Q   You have referred to "judgment when Allah fuckin' puts you all in a hell of fire", I want to suggest to you that what you are saying to correctional staff is extreme and it is promoting violence in the name of religion. Do you accept that?

A   Yeah, that can come across as extreme, it can, but half of it doesn't even make sense. When I say terrorism, I was angry, I was frustrated. I was sexually abused as a kid. I was flung to the ground saying that I was resisted. I wasn't even resisting anything and you can clearly see that that's in the footage. No wonder why I got angry and just started rambling on.

  1. The defendant said that he understood the officers to say that they were turning off their body worn cameras. He then gave the following further answers to questions from the bench:

Q   […] Well, you are saying that that made you angry?

A   Yeah, that made me like, so I started freaking out, getting frustrated, like what's going to happen, like why are they turning off their body camera, and then obviously the video recording says well, they are trying to say I was resisting. You can clearly see in the video recording I wasn't resisting. An officer come from behind and grabbed my head and threw me on the ground.

Q   Well now, in this passage what counsel is pointing out to you is that you were at least making violent threats?

A   Yeah, I admit that, I wouldn't deny that. I was making violent threats; I am not going to deny that.

Q   The other thing that counsel is asking you to respond to is that you have made those violent threats in terms that have an Islamic religious flavour about them, of beheading and saying "God is great" several times. What is your explanation of why you would have used that sort of language, XX?

A   I don't know. I got angry and frustrated and that's the first thing that just popped into my mind and obviously I had all that other stuff going on to do with the not being able to pray for the two days prior. So obviously like my wording was poor choice, I am not going to deny that, and it probably does come across like it does look extreme but there was no intention behind it.

[…]

COUNSEL FOR THE STATE

Q   I want to suggest to you, XX, at that time you supported as part of your religious beliefs, violence in the name of Islam?

A   No.

  1. I find that evidence from the defendant entirely credible and I accept it. To my observation he did not resist the officers at Nowra on 8 May 2020 and he was not in any position to do so. The officers were, no doubt, sorely provoked at the outset by his abuse and Islamic sloganising. In the defendant proclaiming his religion in the prison environment, asserting rights to pray in common areas and generally insisting upon practising the religion as he saw fit regardless of corrections officers' directions, I infer that there was a significant element of the defendant pushing back against authority under what he perceived as the protection of claiming religious freedom. On this and other occasions the defendant has engaged in a vain endeavour to reduce prison officers' authority over him by this means.
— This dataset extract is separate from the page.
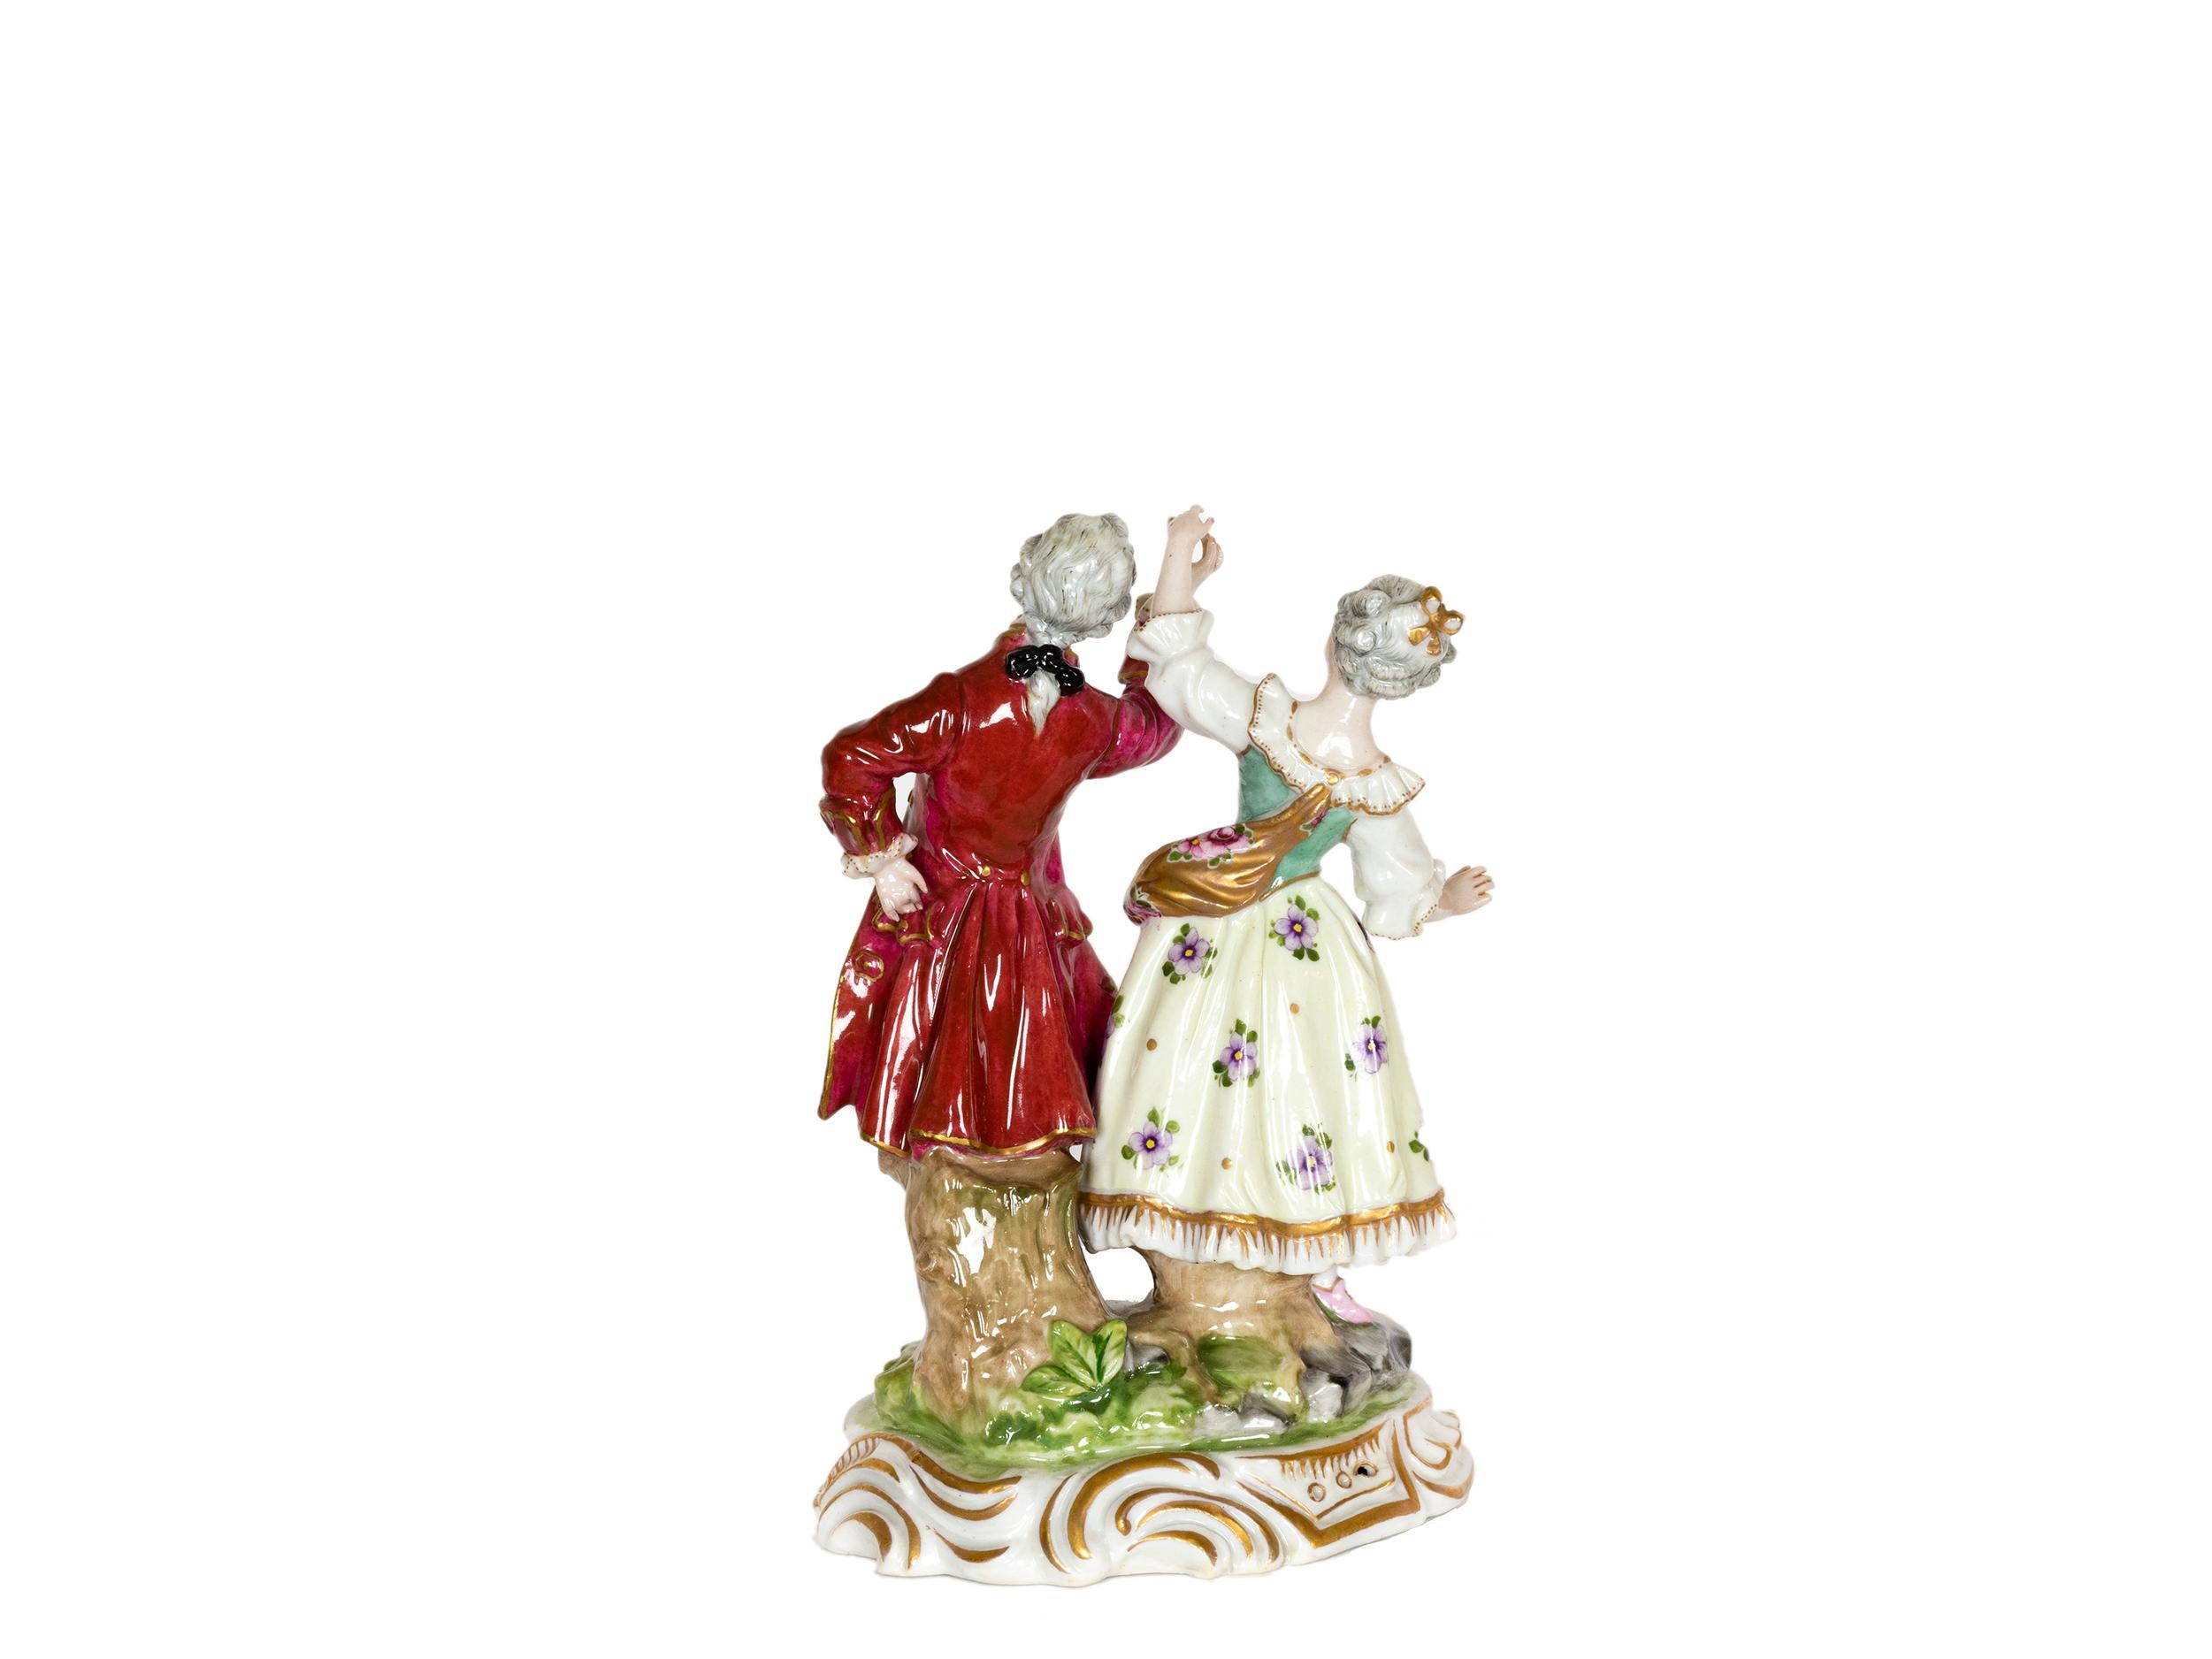 Baroque 18th Century Porcelain dancing couple figurine by Volkstedt  For Sale
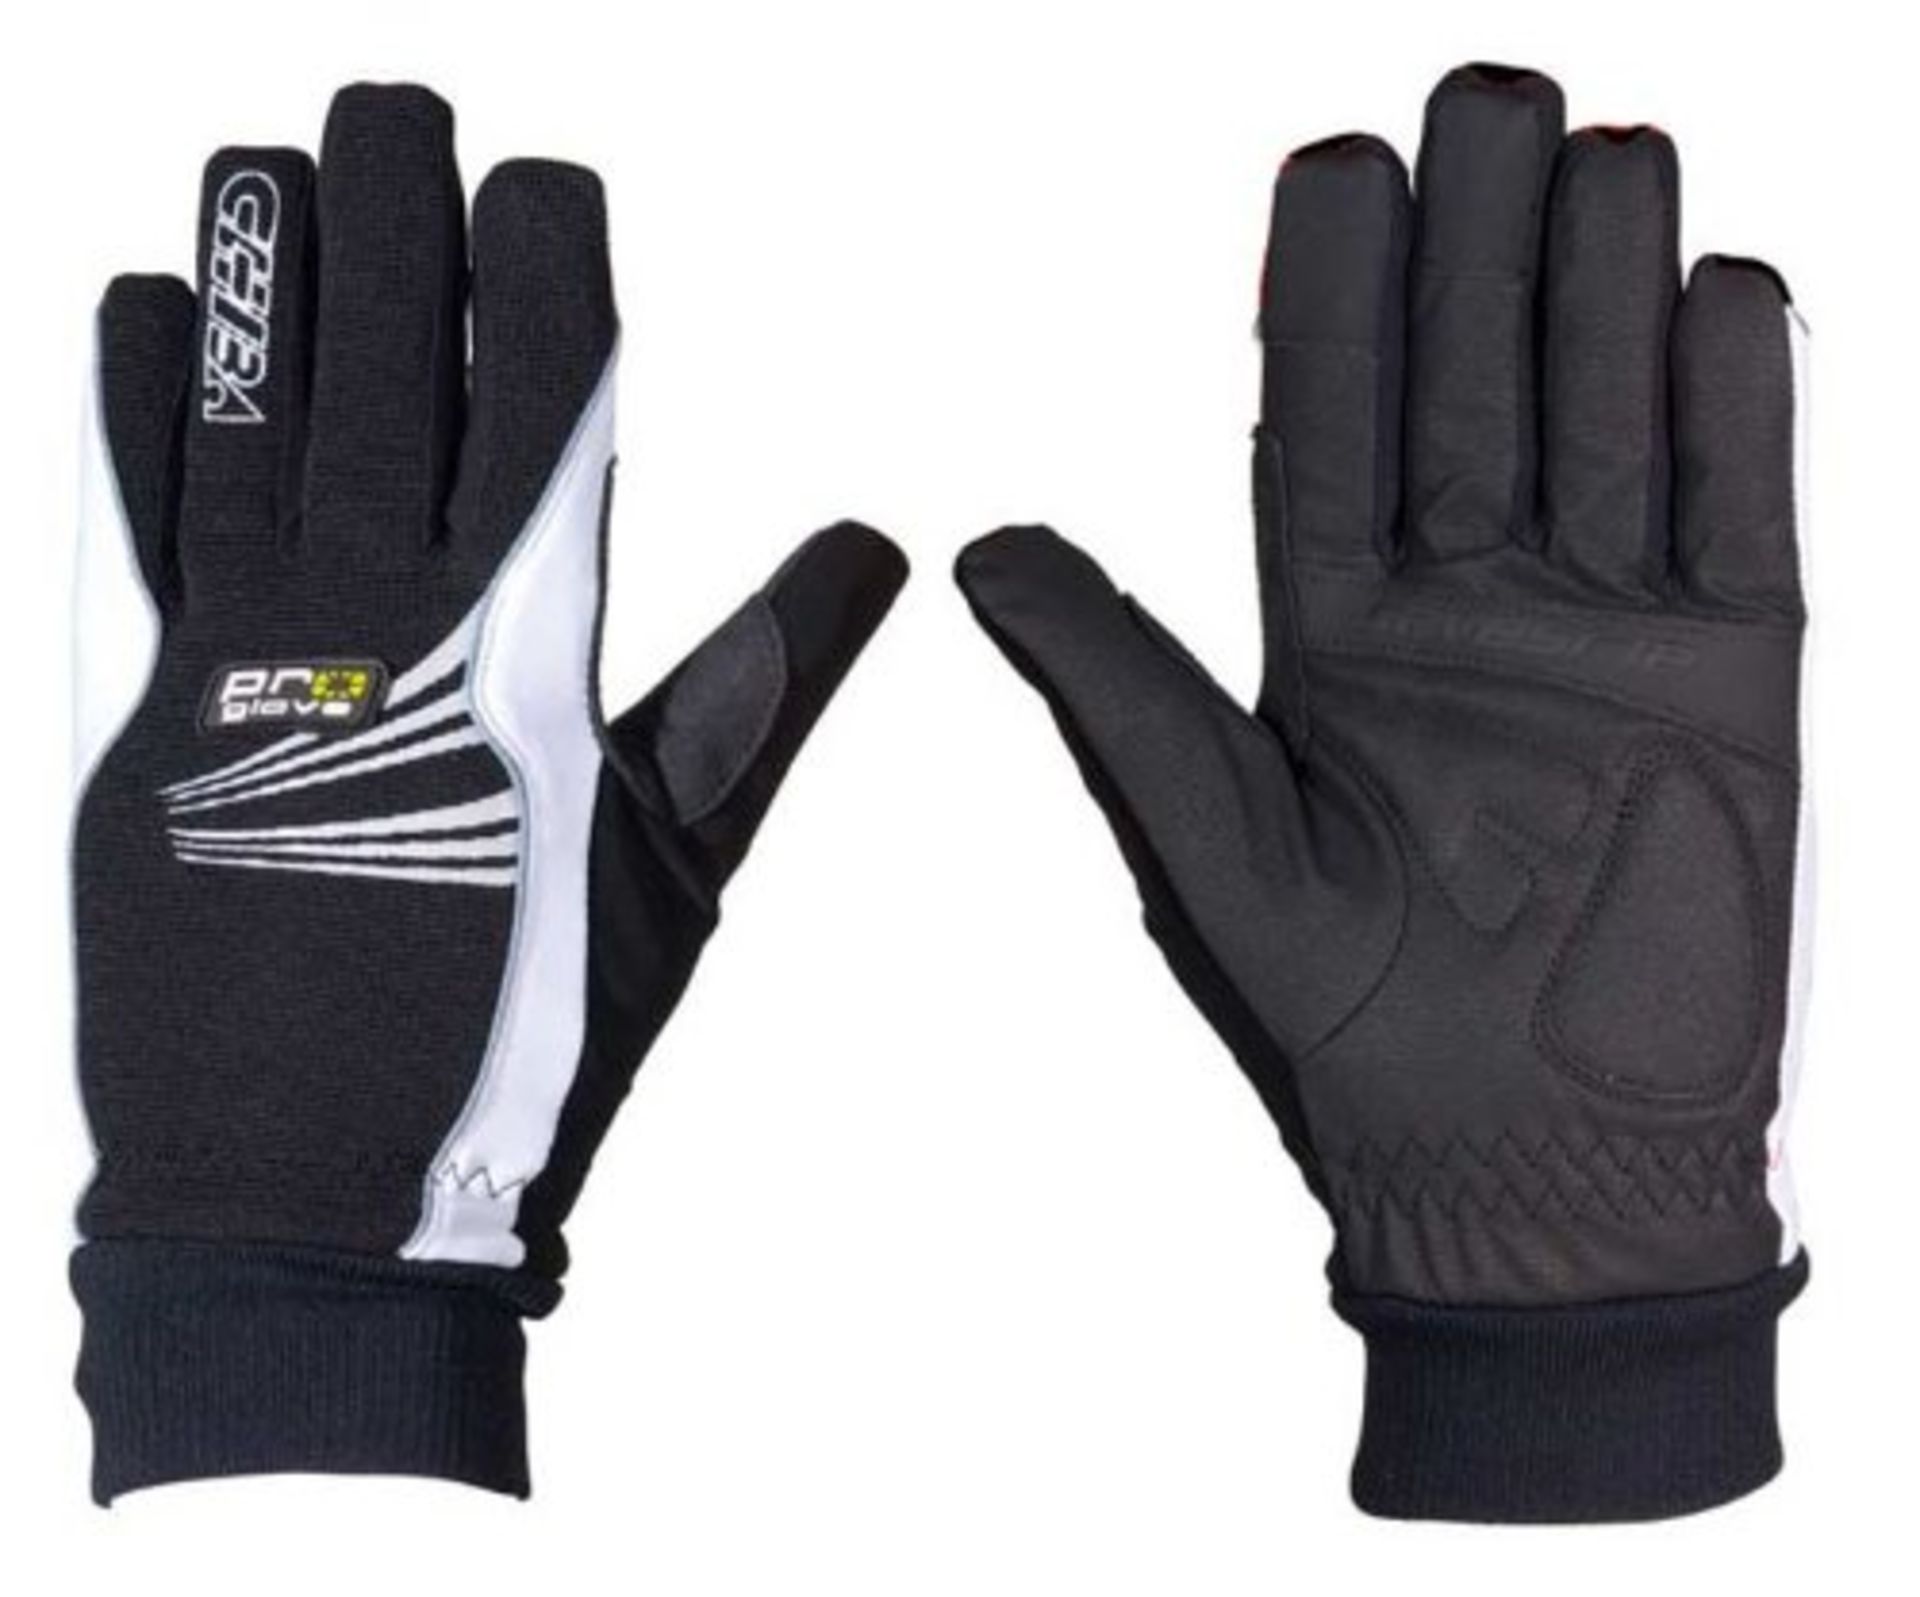 10 x Pairs of Men's Cycling Gloves | Total RRP £73.55 | See Description for Details - Image 2 of 6

  2. From evidence given by a Corrective Services psychologist, Ms Abreu, to which I will refer later, it appears to be a recognised phenomenon in New South Wales prisons that inmates espousing the religion of Islam seek to use it as a basis for claiming exception to prison routines and resisting legitimate directions. That would understandably be a source of significant irritation to corrections officers doing a difficult job. But the most that could be said about the episode on 8 May 2020 is that it was another chapter in the defendant's inveterate opposition to prison authority and a further exhibition of his frayed and poorly controlled temper. The incident does not persuade me that, in whatever concept of Islam the defendant may have held, there was included an idea that violence should be perpetrated against non-believers, thereby to intimidate governments or the public and to advance the cause of Muslim domination and the overthrow of liberal democracy in this country or elsewhere.

  3. From May 2020 to June 2021 Al-Ahmadzai continued to write to the defendant with instructions on Islamic belief and practice. One such letter, dated 29 June 2020, expressed Al-Ahmadzai’s view that all non-believers must be forcibly brought under Islamic domination and that liberal democratic government institutions must be dismantled – in the following passage:

[The] lands of kuffār are to be conquered (as the companions [of the prophet Muhammad] done) for the sake of Allah. No-one is forced to become Muslim, as this is haram [forbidden], but all man made laws and systems (i.e. injustice) is abolished and the Shari’ah established.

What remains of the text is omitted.